INPUT DATA Block Start

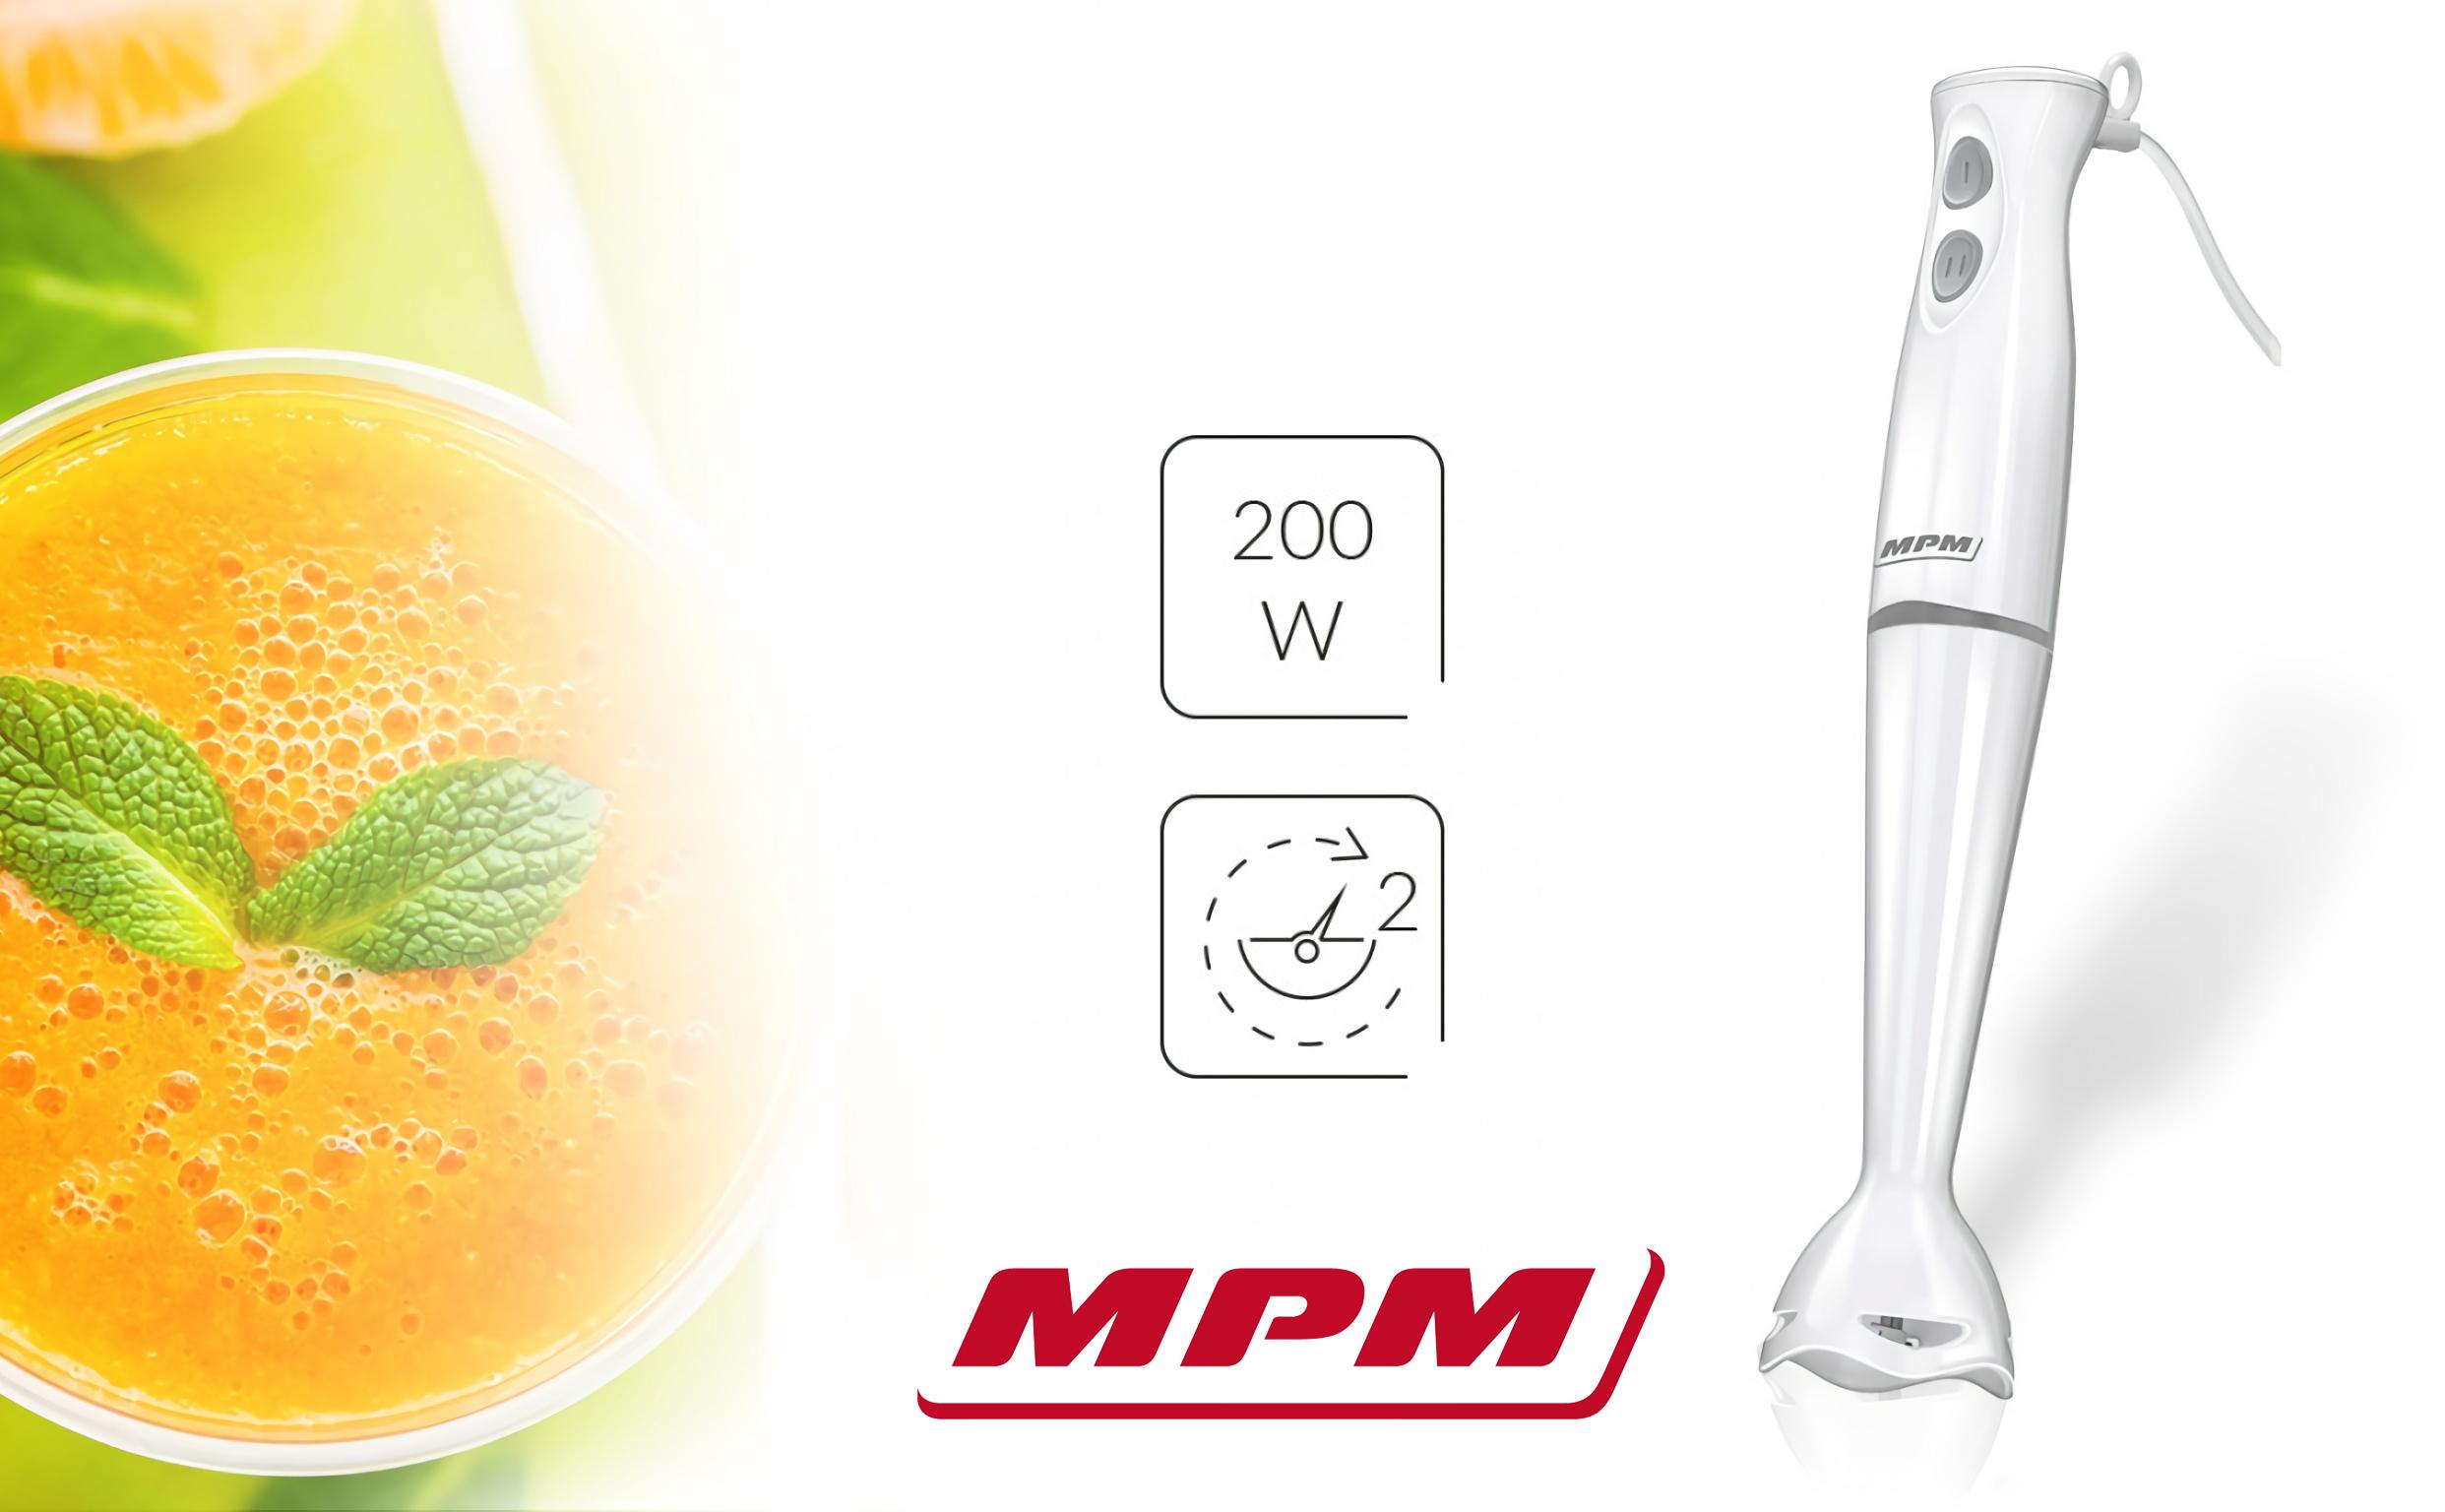 MPM MBL-18 Batidora de Mano con Cuchillas de Acero Inoxidable, 2 Velocidades 200W, Blanca
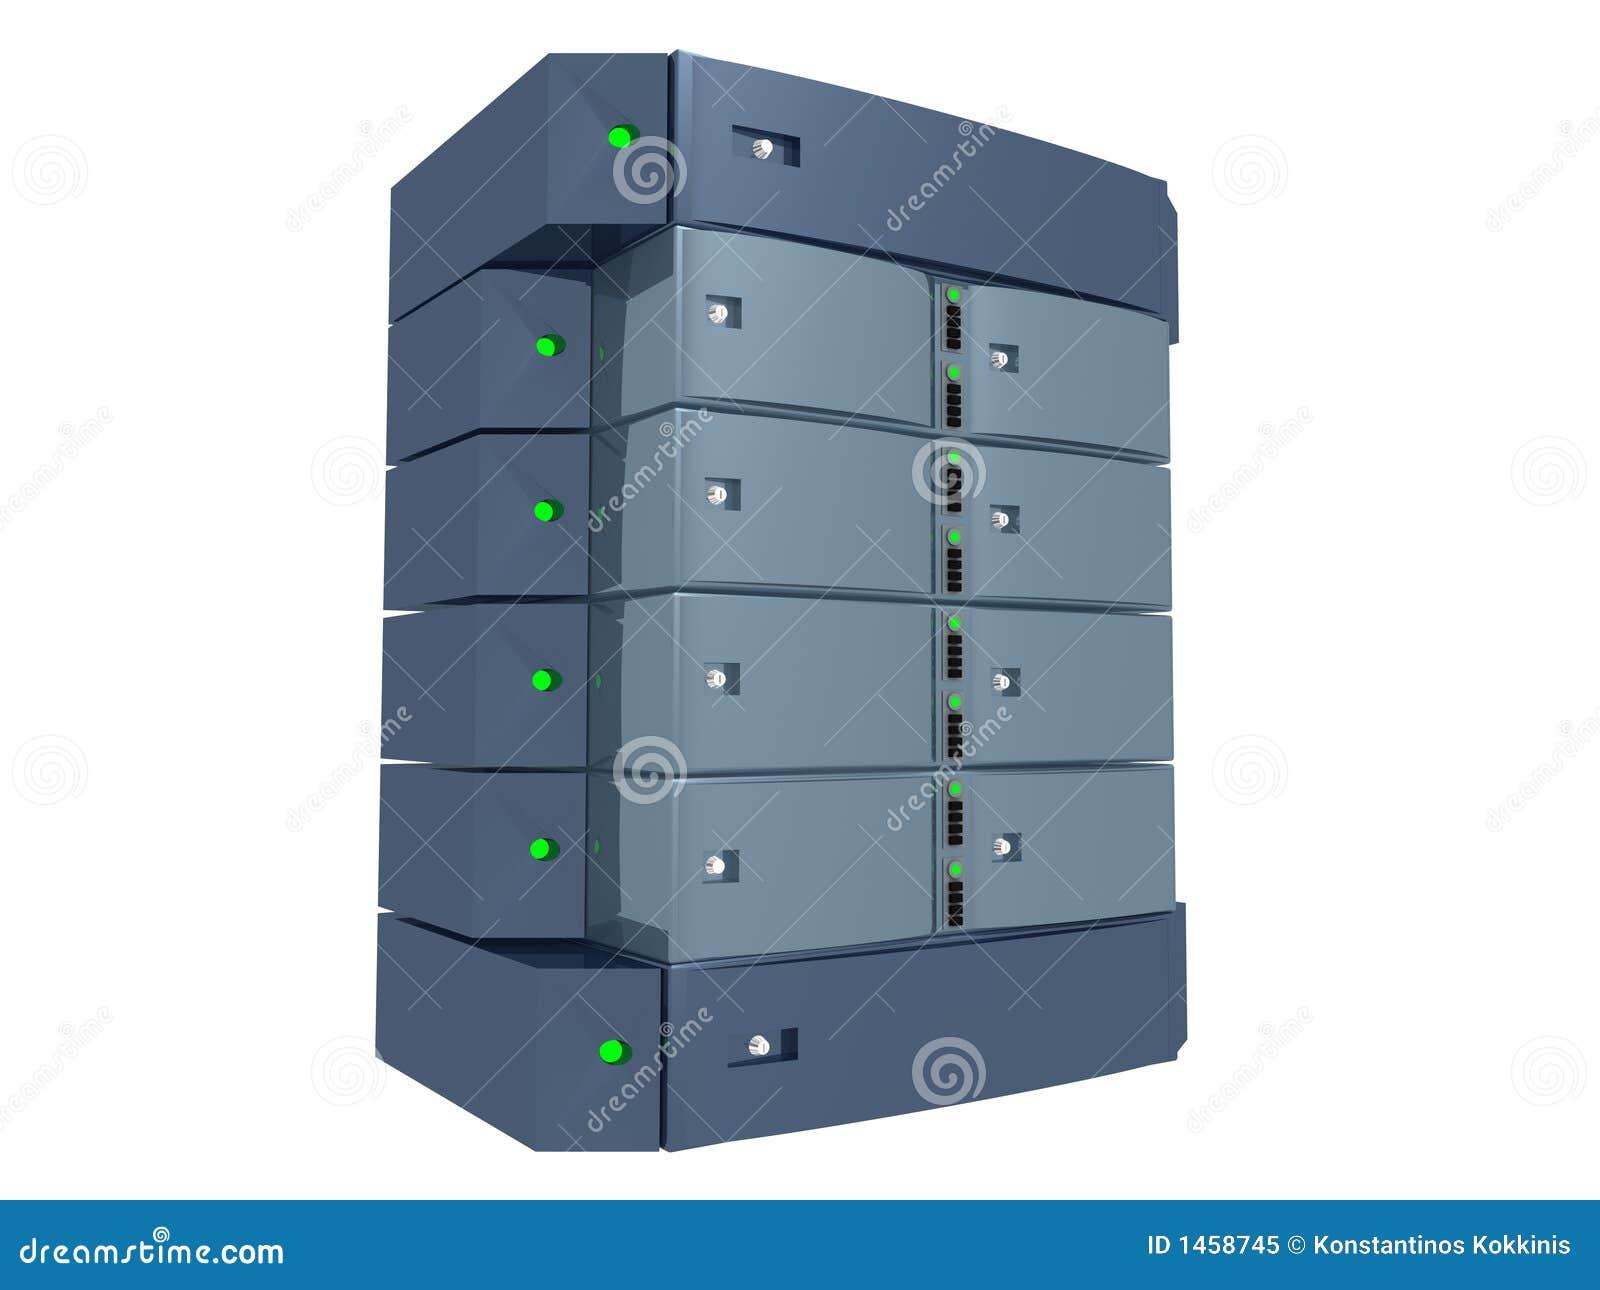 Dual Server - Light Blue
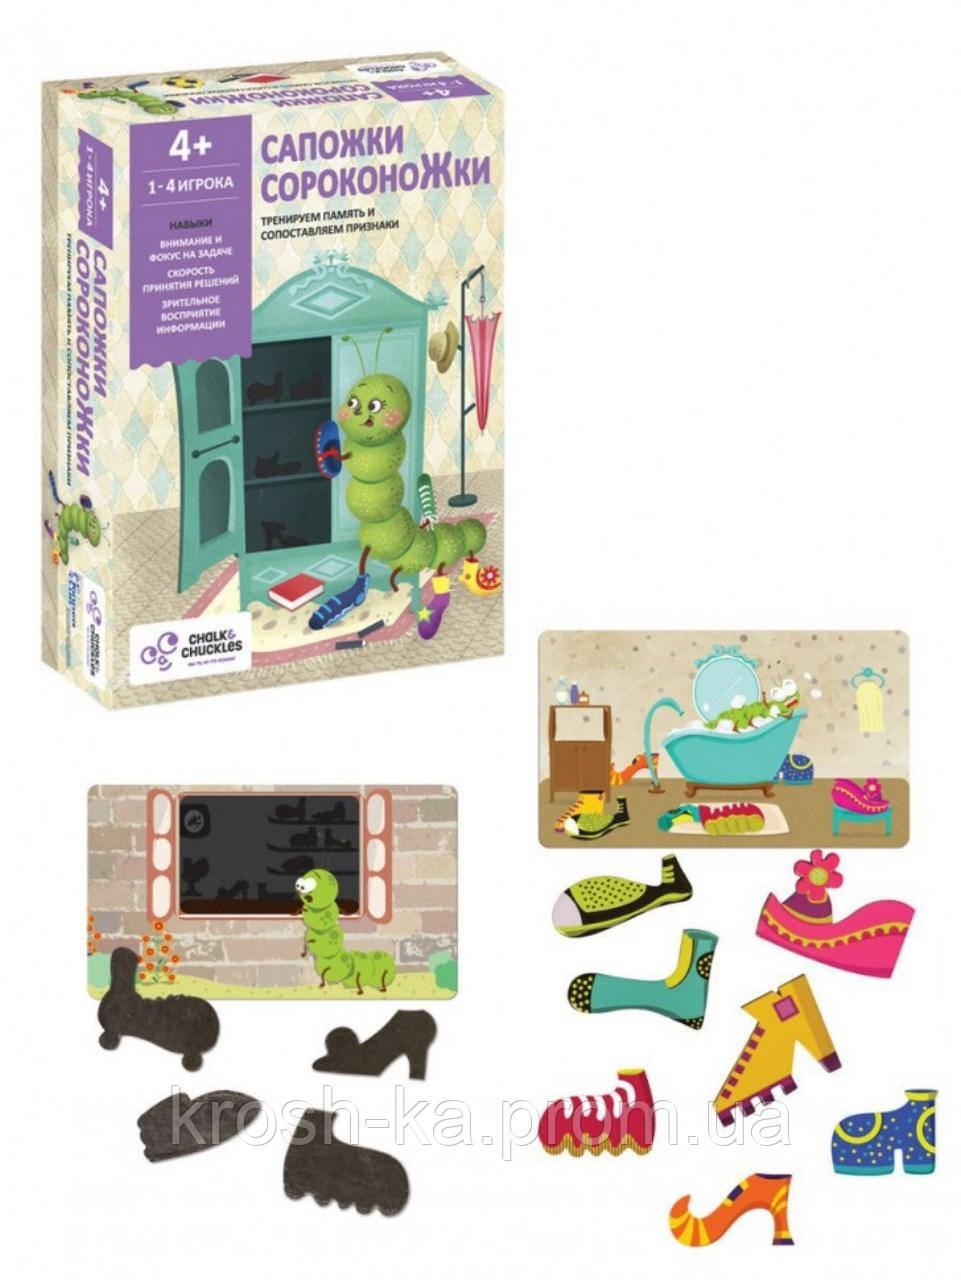 Настольная игра для детей Сапожки Сороконожки  1-4 игрока 4+ Chalk&Chuckles CCPPL039

INPUT DATA Block End

## [HOW TO COMPLETE THIS TASK]
Retype the data above exactly; pictures are not part of the copy.

## [ANSWER]
 MPM MBL-18 Batidora de Mano con Cuchillas de Acero Inoxidable, 2 Velocidades 200W, Blanca
 Dual Server - Light Blue
 Настольная игра для детей Сапожки Сороконожки  1-4 игрока 4+ Chalk&Chuckles CCPPL039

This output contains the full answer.